Jerod Harris/Getty Images

Update, 1:03 p.m.: CNBC says the Strategic and Policy Forum is disbanding completely—a remarkable mass vote of no-confidence in a Republican president by executives from Goldman Sachs, GM, JPMorgan, Walmart, Boeing, and other corporate American heavy hitters. Campbell’s Soup, meanwhile, has quit the Manufacturing Council.

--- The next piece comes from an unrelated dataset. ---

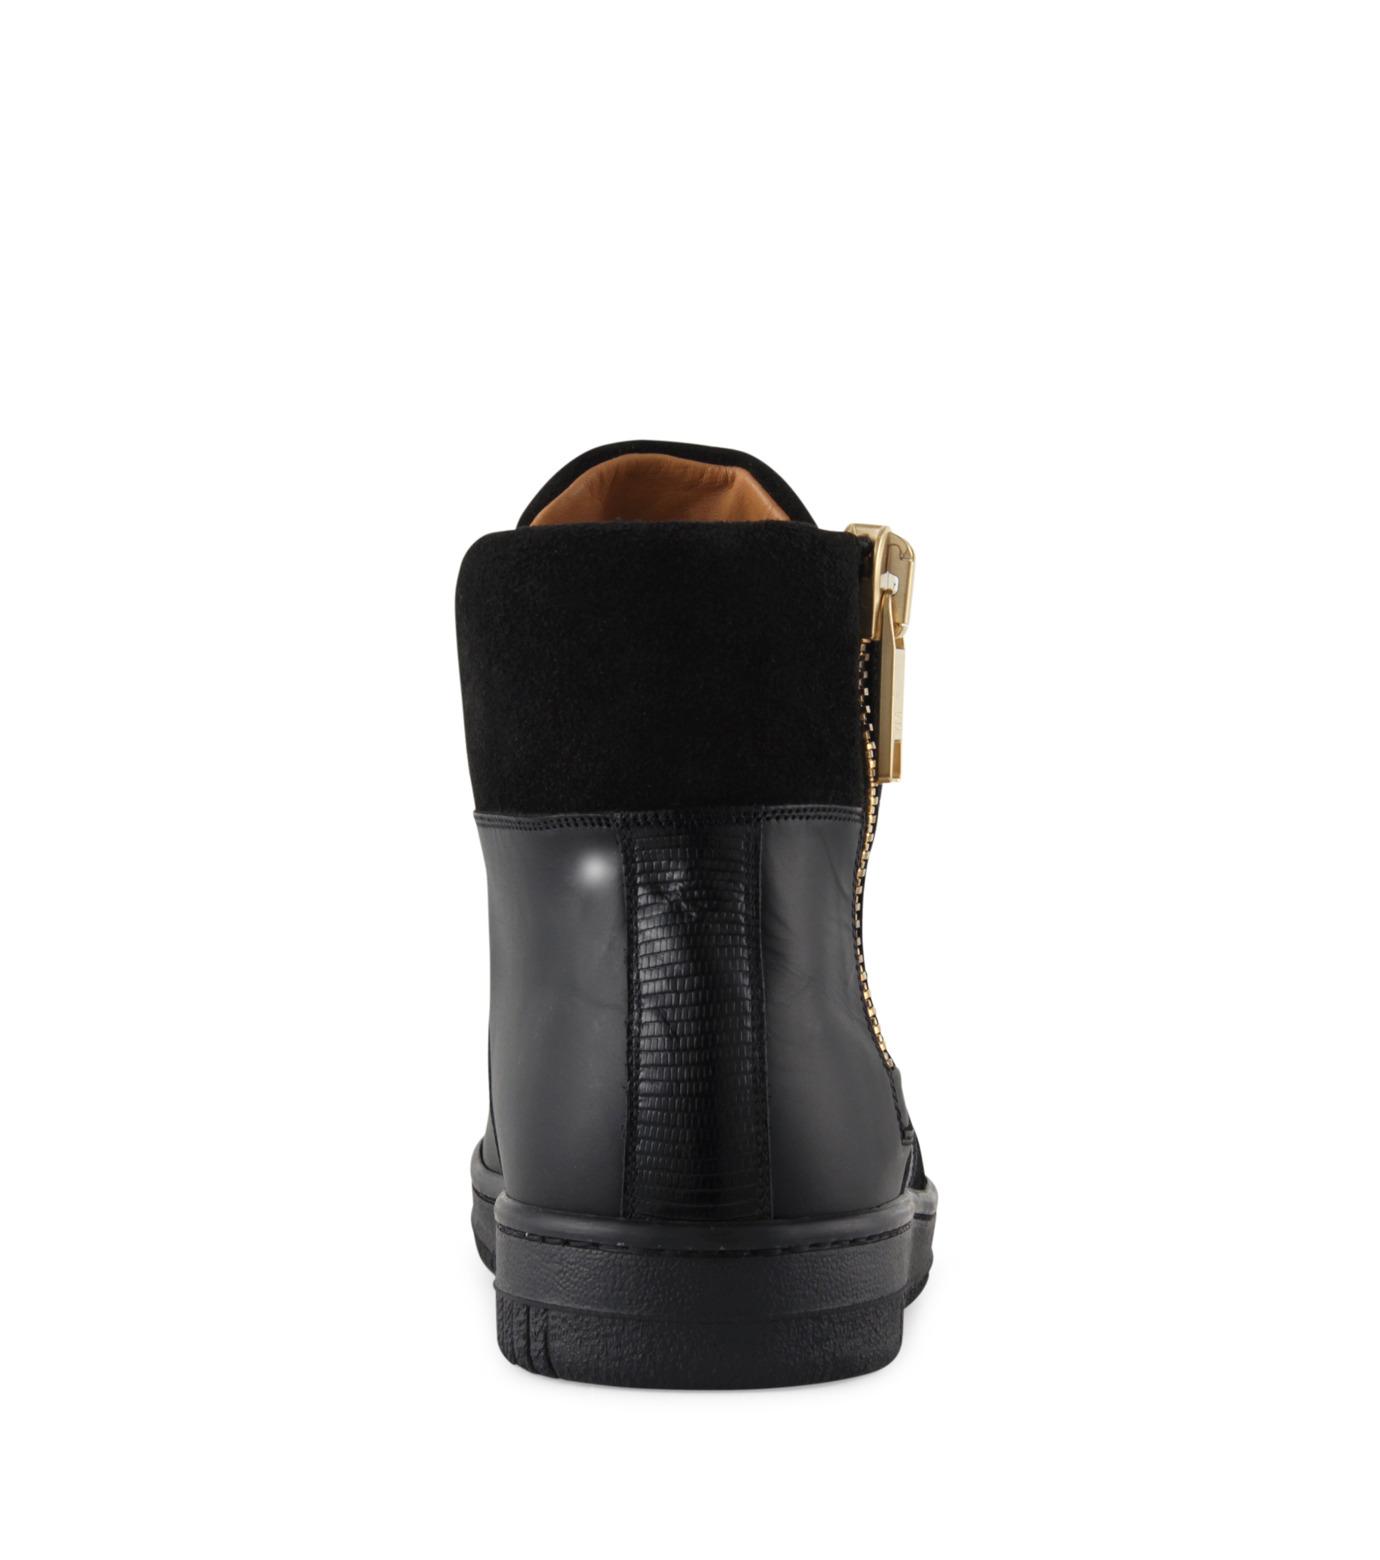 Marc Jacobs(マーク ジェイコブス)のSide zip sneaker-BLACK-WS0076-13 拡大詳細画像3
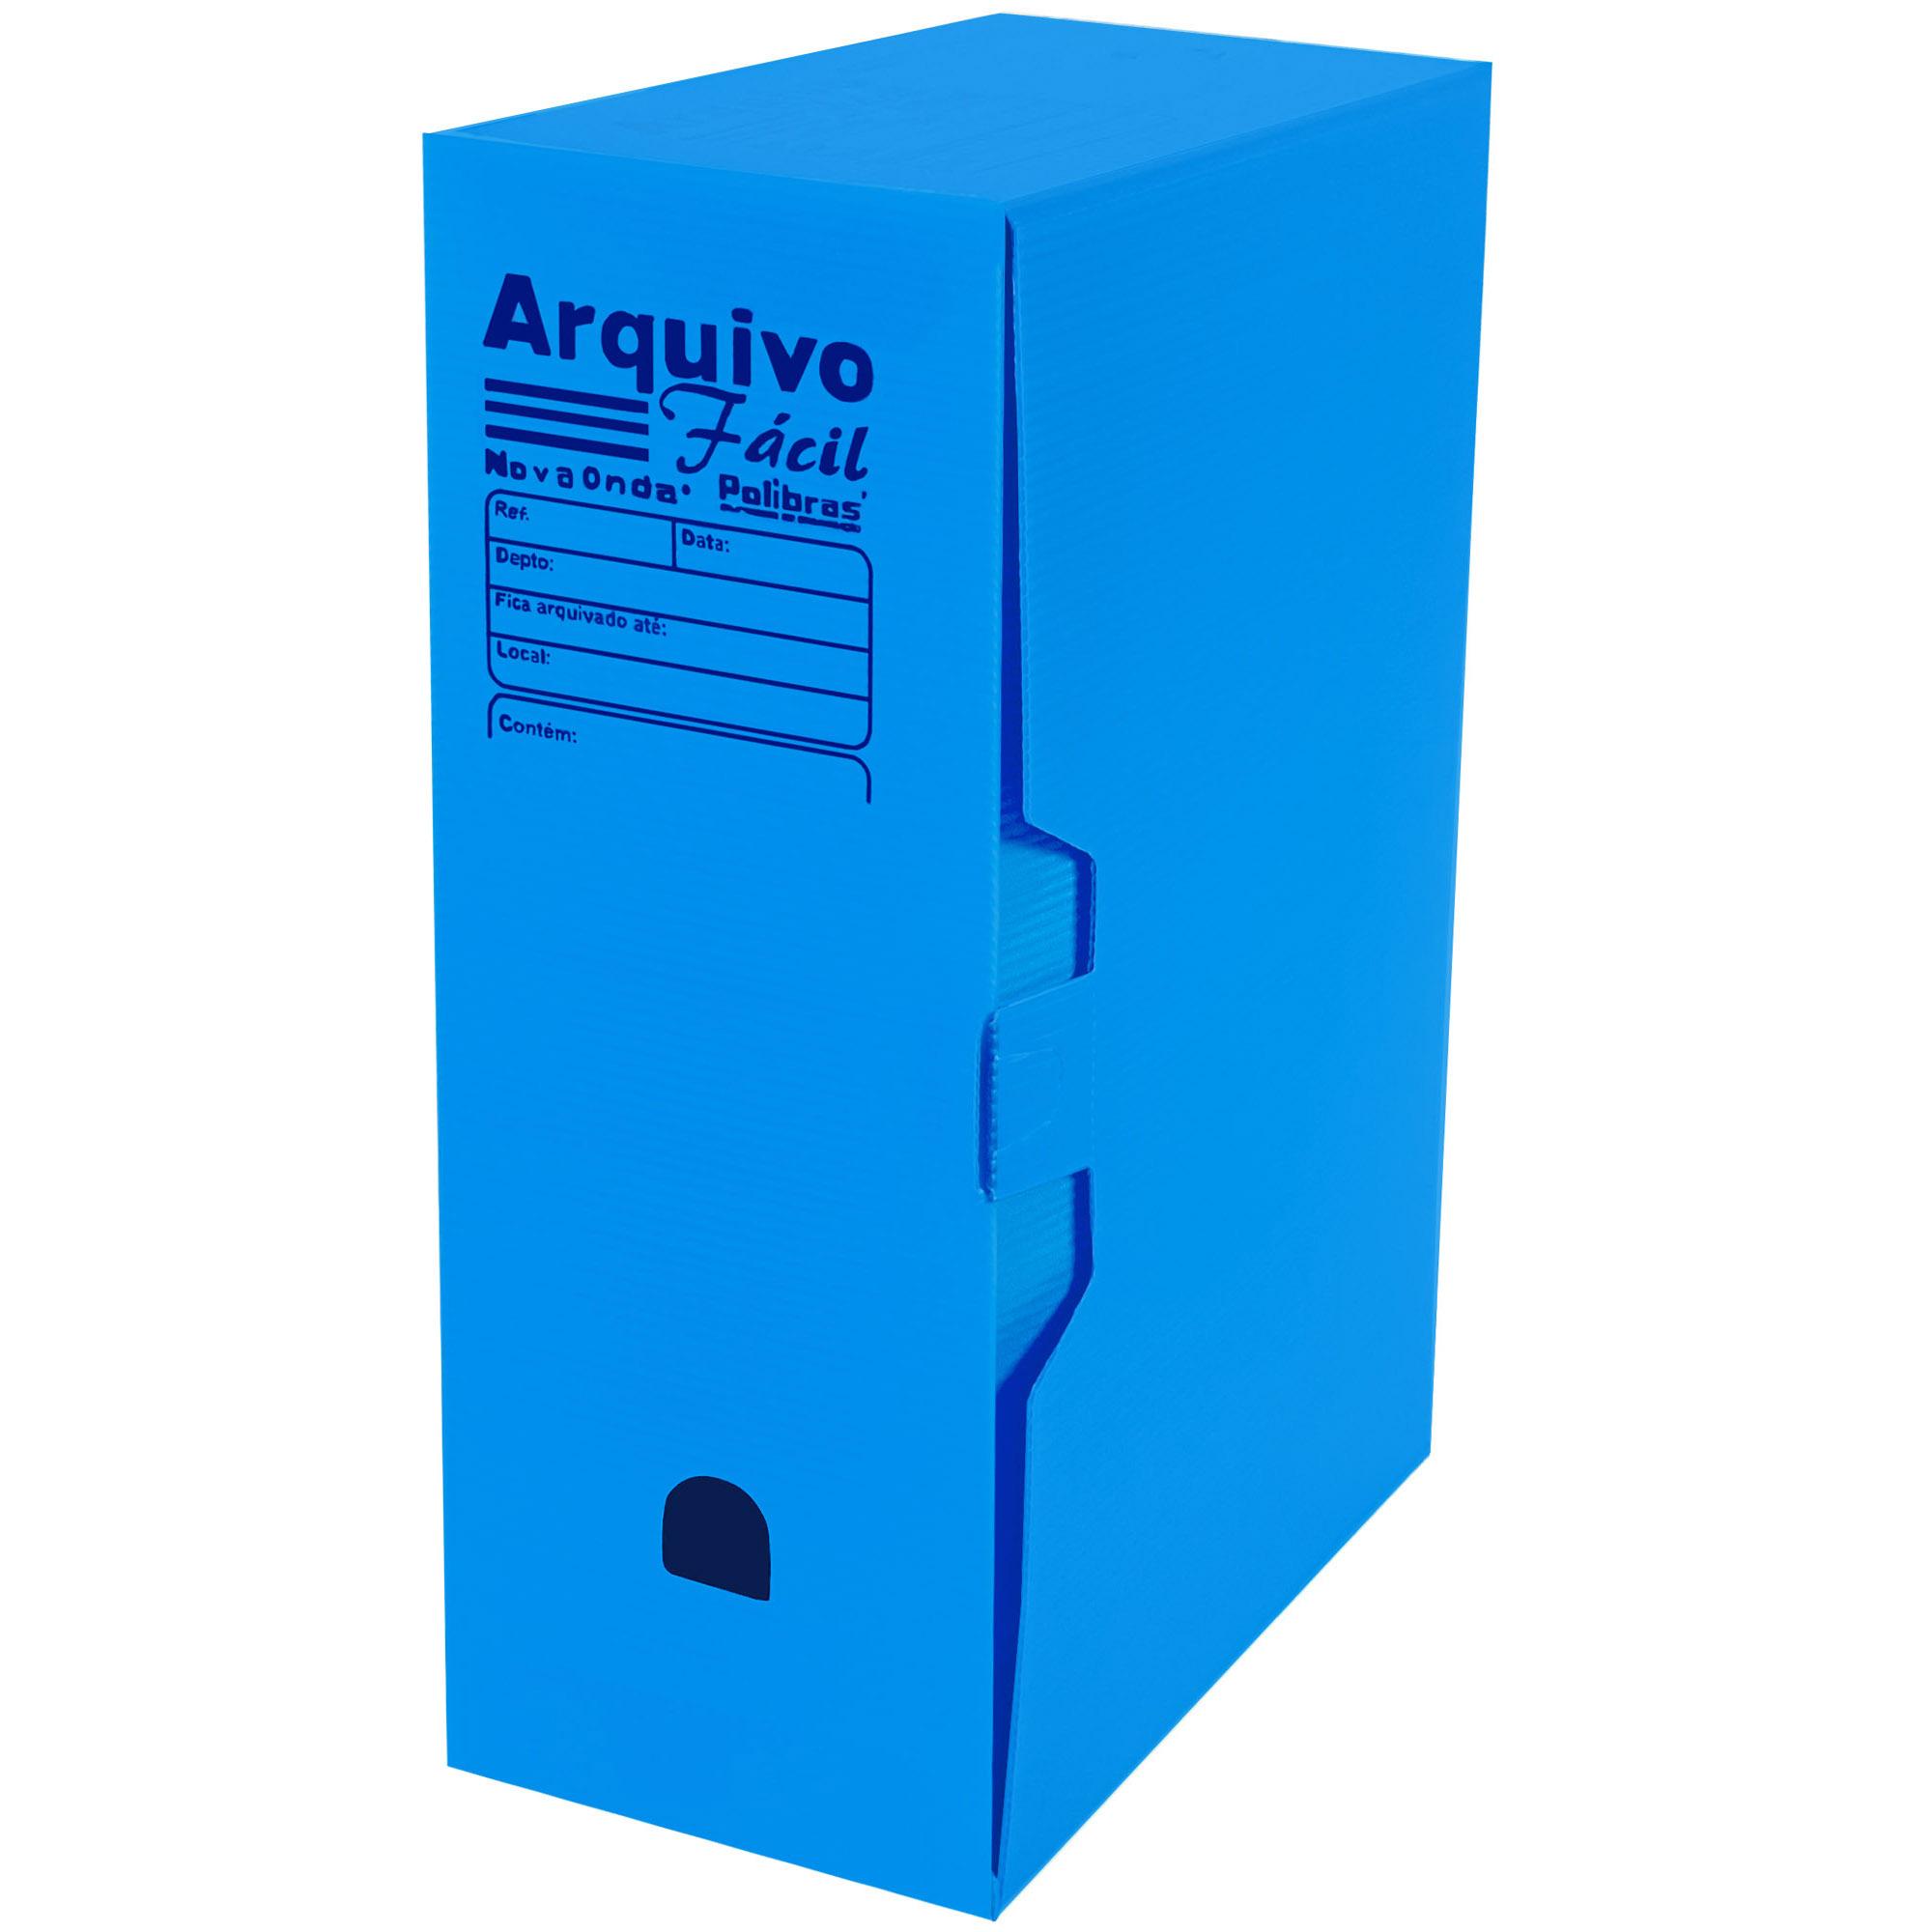 Caixa Arquivo Morto Facil (250x130x350) Cor Azul - Polibras

Update, 12:50 p.m.: The New York Times is reporting that the members of Trump’s other CEO council—the Strategic and Policy Forum, whose most prominent consumer-facing members are Walmart, GM, IBM, and Pepsi—might disband their group completely

Original post, 12:17 p.m.: Donald Trump has a thing called the President’s American Manufacturing Council that mainly seems to involve bringing CEOs to the White House for photo ops during which everyone congratulates each other for being a Job Creator. Some of these CEOs, though, have recently realized they don’t necessarily want their companies, whose employees and customers probably aren’t all white assholes, affiliated with a president who is underlining his long personal history of racism by literally praising a rally during which white protesters carried torches and shouted Nazi slogans. Four corporations and two organizations have quit the council:

  • Merck (whose CEO, Kenneth Frazier, is black)
  • Under Armour
  • Intel
  • 3M
  • The AFL-CIO
  • The Alliance for American Manufacturing

Here are the ones that remain:

  • Dow Chemical
  • Harris Corporation (which specializes in space- and defense-related technology)
  • Dell
  • Nucor Corporation (a steel company)
  • Whirlpool
  • Johnson & Johnson (which released a truly remarkable statement Tuesday, which self-seriously discussed the sacred importance of “standing up for our belief[s]” and “speaking out” but didn’t criticize Trump or announce a resignation from the council)
  • United Technologies (aerospace)
  • Lockheed Martin (defense)
  • GE
  • Dana Inc. (an automotive technology manufacturer that is actually based in Maumee, Ohio, the hometown of James Fields Jr., the white supremacist who is believed to have run over and killed Heather Heyer in Charlottesville, Virginia)
  • The Timken Company (auto parts)
  • Campbell’s Soup (which is taking a disproportionate amount of heat online for remaining on the council, mainly because it’s funny/surreal that a soup company is effectively condoning white supremacists)
  • Boeing
  • Caterpillar
  • Newell Brands (which markets a variety of consumer products)
  • International Paper
  • Corning (glass and other materials-technology-type-stuff)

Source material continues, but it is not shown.